Elkchen Speck und der Schwarzwaldbub
November 2006

Neulich war ich in Bösingen. Das ist ein schwäbisches 1300-Seelen-Dorf am Rand des Schwarzwalds, und einen Grund hatte ich auch: Elkchen Speck schloss nach fast acht Jahren am Tresen ihre »Bierbar Sonne« mit einem kleinen Fest. Ich war also zu einem Gelage angereist.
Und da der Mensch nicht dauernd trinken kann, wollten Elkchen Speck und ich  am Nachmittag eine kleine Brauereibesichtigung machen. Dazu sind wir richtig in den Schwarzwald gefahren, in einen Ort namens Hornberg, berühmt durch das gleichnamige Schießen, von dem bis heute niemand weiß, wie es ausgegangen ist außer gar nicht. Es ranken sich mehrere blumige Legenden um den Ursprung des Sprichworts, und sogar der große Friedrich Schiller schrieb in »Die Räuber«: Da ging's aus wie's Schießen zu Hornberg und mussten abziehen mit langer Nase.

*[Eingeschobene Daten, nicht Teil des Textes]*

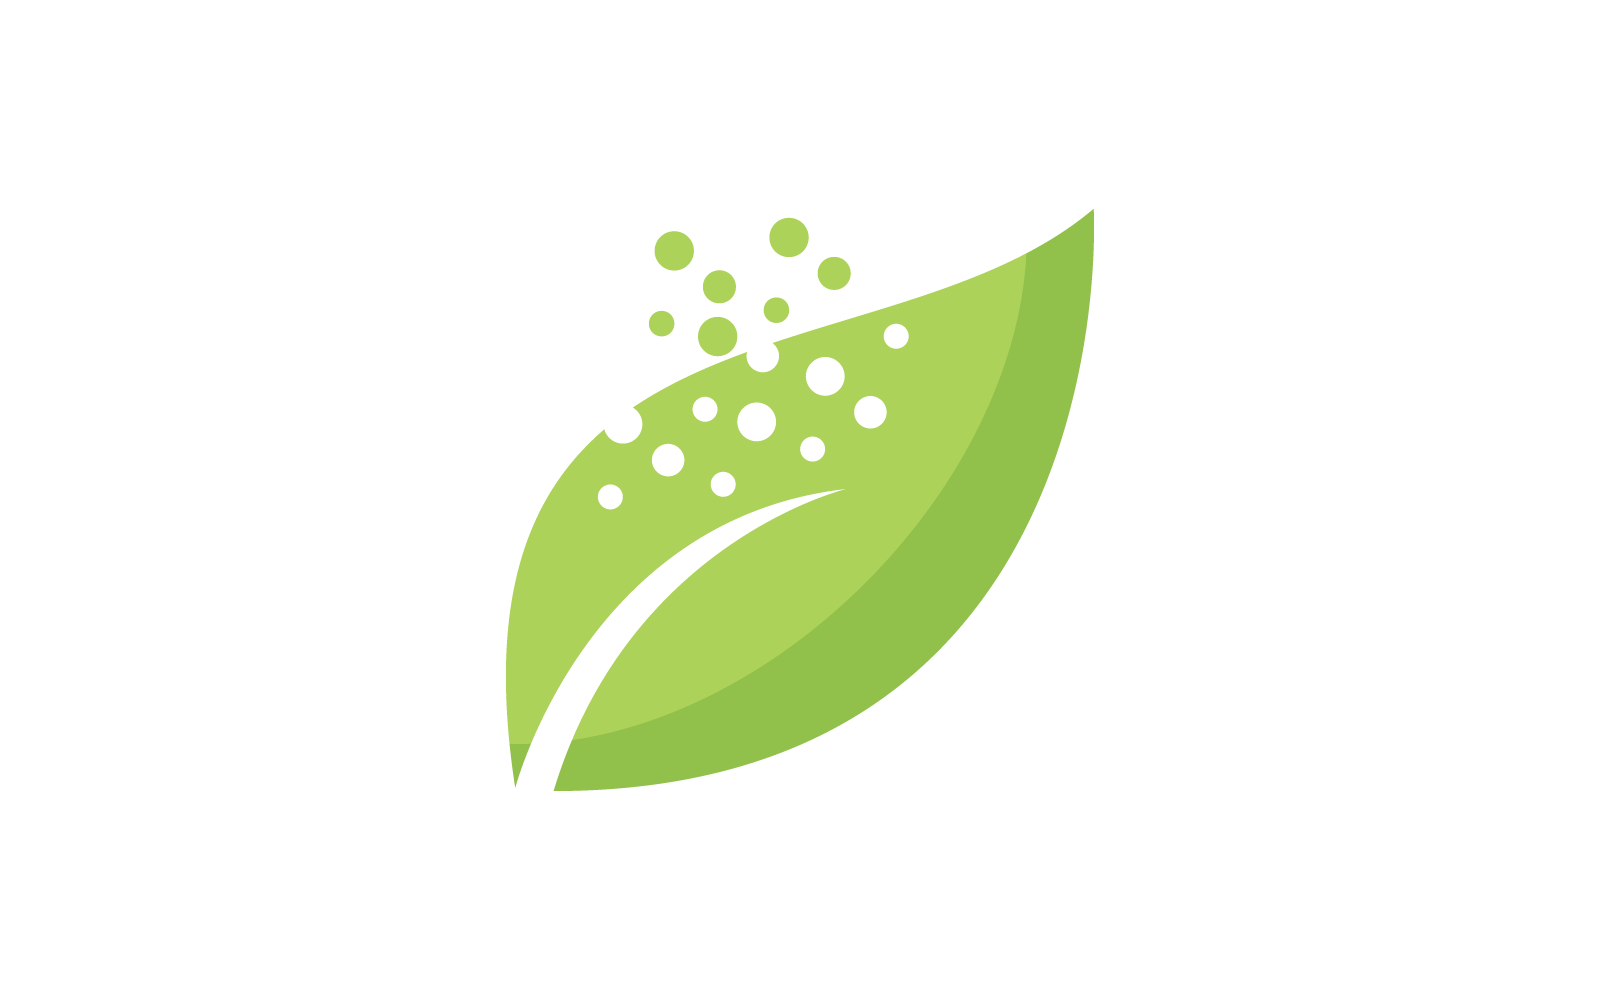 Eco care logo green leaf illustration flat design

Heute macht das Städtchen einen ruhigen Eindruck, keinerlei Pulverdampf liegt in der Luft, die Turmuhr schlägt gelassen zur vollen Stunde, und der Samstagnachmittag liegt so still da, dass es eigentlich kein Wunder ist, dass die Brauerei geschlossen hat, die wir doch besichtigen wollten. Zum Glück ist sie von außen auch ganz nett anzusehen und bald machen wir uns auf den Weg zurück nach Bösingen, vorbei an fröhlich winkenden Landmenschen, die mit Sense oder Besen in der Hand Schwaben alle Ehre machen. Die Sonne stand schon tief über den herbstlichen Hängen und ließ das sterbende Laub leuchten in welker Pracht.
Als das letzte Licht des Tages längst gegangen war, kam der Abschied gut in Gang; die »Sonne« füllte sich bis auf den letzten Platz und los ging's: Die Youngster-Band »Empty Battery« trat auf zu ihrem ersten Live Act, und das hat ganz schön geknallt. Klassiker von Black Sabbath, Deep Purple und Metallica dröhnten den Laden voll, manch Älterer schüttelte entsetzt den Kopf, doch die Jugend riss sich gegenseitig um bei Pogo und Cola-Weizen.
Und was wäre der letzte Abend ohne einen tränenreichen Abschied von all jenen, die über die Jahre die »Sonne« zum Stammplatz hatten. Der Baseball-Verein, der VfB Bösingen mit seinen beiden Fußball-Abteilungen, der Binokel-Damenclub, der Bierlieferant Max Egon und seine Gehilfin Michaela und gar nicht zuletzt die wunderbare Riege der Barfrauen, sie alle hatten Blumen und Wimpel und Urkunden und Gutscheine und Gruppenbilder mit Damen, und Elkchen Speck stand da vom Donner gerührt und all den lieben Freunden und Tränen in den Augen. Eine tolle, letzte Sonnennacht, und Elkchen Speck hat jetzt andere Pläne, das »Too Dark« im fernen Kreuzberg eine Partnerkneipe weniger, und um die paar albernen Störenfriede habe ich mich rührend gekümmert: »... und mussten abziehen mit langer Nase«.